Création du premier modèle permettant de traiter le langage biomédical Français OpenSource !

“DrBERT”, premier modèle de traitement automatique du langage spécifiquement conçu pour le domaine biomédical et clinique en français. Fruit d’une collaboration entre des chercheurs de l’Université d’Avignon, du Laboratoire Informatique d’Avignon, du Laboratoire des Sciences du Numérique de Nantes, et du CHU de Nantes, DrBERT s’appuie sur l’architecture RoBERTa et a été présenté lors de conférences scientifiques telles que DEFT 2023, CORIA-TALN 2023, et l’Association for Computational Linguistics (ACL).

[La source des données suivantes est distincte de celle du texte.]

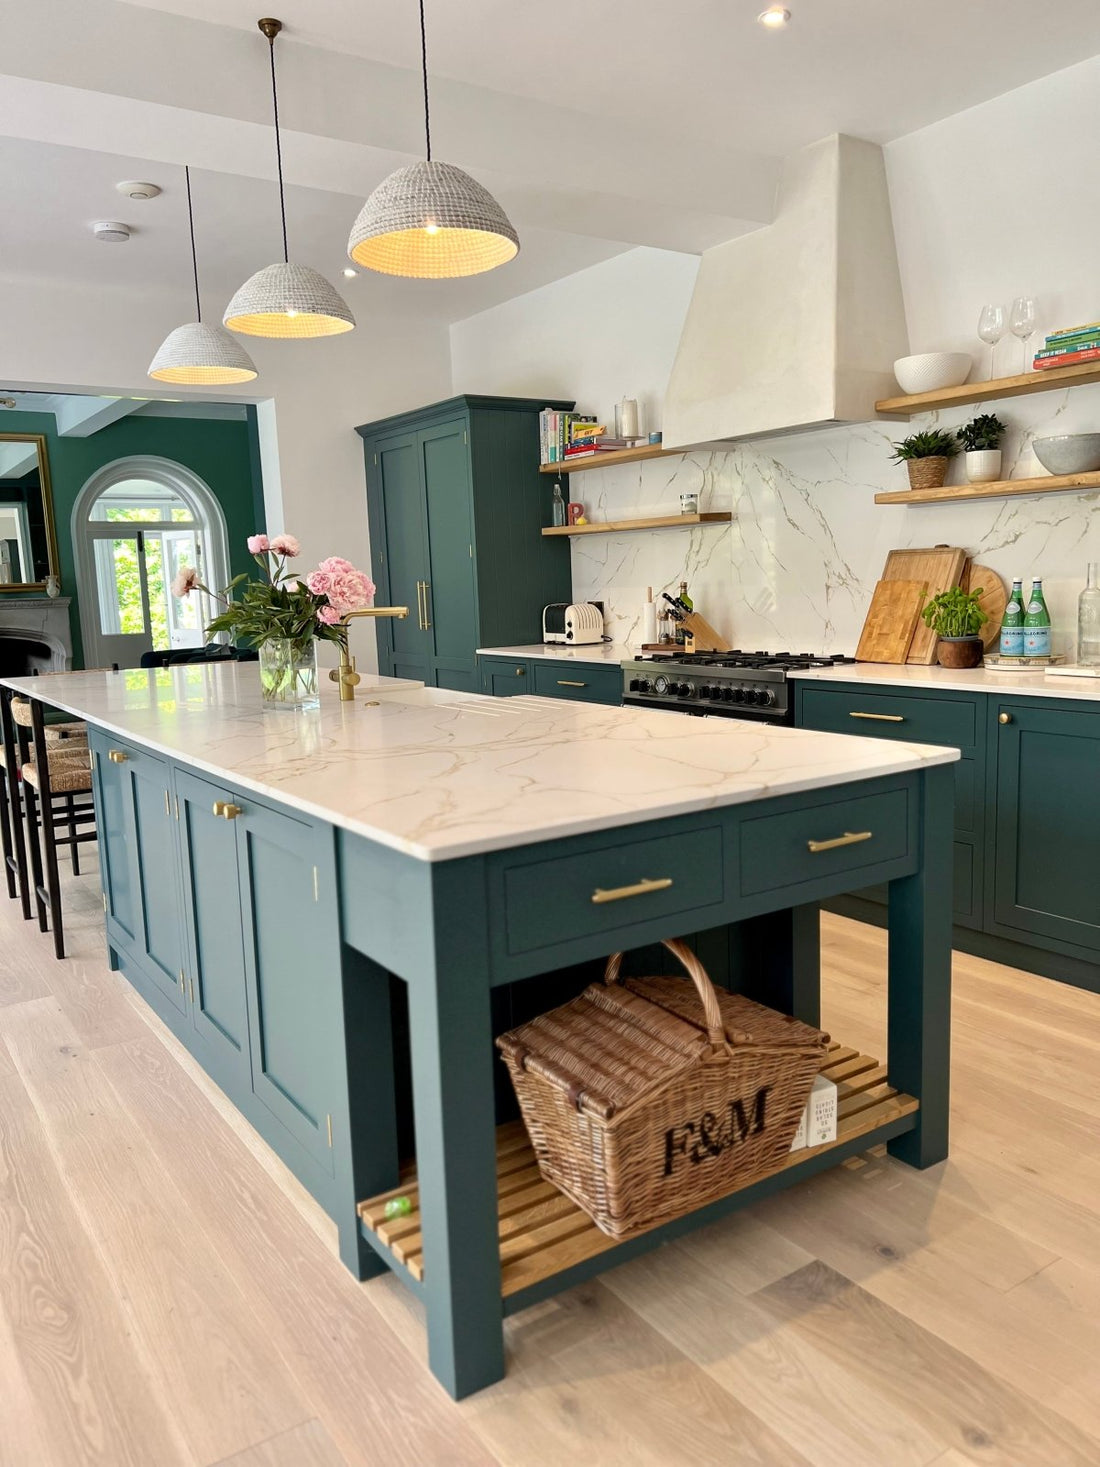 Why Handmade Kitchens Are Worth the Investment - The Painted Kitchen Company Ltd

L’étude associée, intitulée “DrBERT: A Robust Pre-trained Model in French for Biomedical and Clinical domains”, se concentre sur les modèles de langage pré-entraînés (PLM) en français dans le contexte médical. Les chercheurs comparent les performances des PLM entraînés à partir de données publiques disponibles sur le web et de données privées provenant d’établissements de santé. Ils mettent à disposition du public les modèles DrBERT ainsi que le corpus de données médicales open source sur lequel ils ont été entraînés, en choisissant de publier uniquement les poids des modèles provenant de données exclusivement open source pour respecter le RGPD.
DrBERT, basé sur l’architecture RoBERTa, est un modèle de langage pré-entraîné sur des données publiques et privées. Les données publiques proviennent du corpus biomédical open source NACHOS, tandis que les données privées désidentifiées autorisées par la CNIL proviennent de l’entrepôt de données du CHU de Nantes.
L’évaluation de DrBERT sur 11 applications biomédicales en français a montré des performances supérieures à celles du modèle généraliste français CamemBERT. Les chercheurs notent cependant des limitations potentielles dans d’autres applications et travaillent sur un jeu de données de référence pour une vingtaine de tâches afin d’évaluer plus largement les capacités du modèle.
Richard Dufour, co-auteur de l’étude, explique que l’objectif est de développer un modèle génératif de langue pour le domaine médical français avec le projet “MALADES”, sélectionné dans le cadre de l’Appel à Projets Thématiques Spécifiques en Intelligence Artificielle (TSIA) – Edition 2023. Ce projet vise à créer des modèles adaptatifs et souverains pour les acteurs de la santé dans un contexte de ressources contraintes, avec un accent particulier sur les questions-réponses. Le projet prendra également en compte les aspects légaux et éthiques en France liés au développement et à l’utilisation de ces modèles.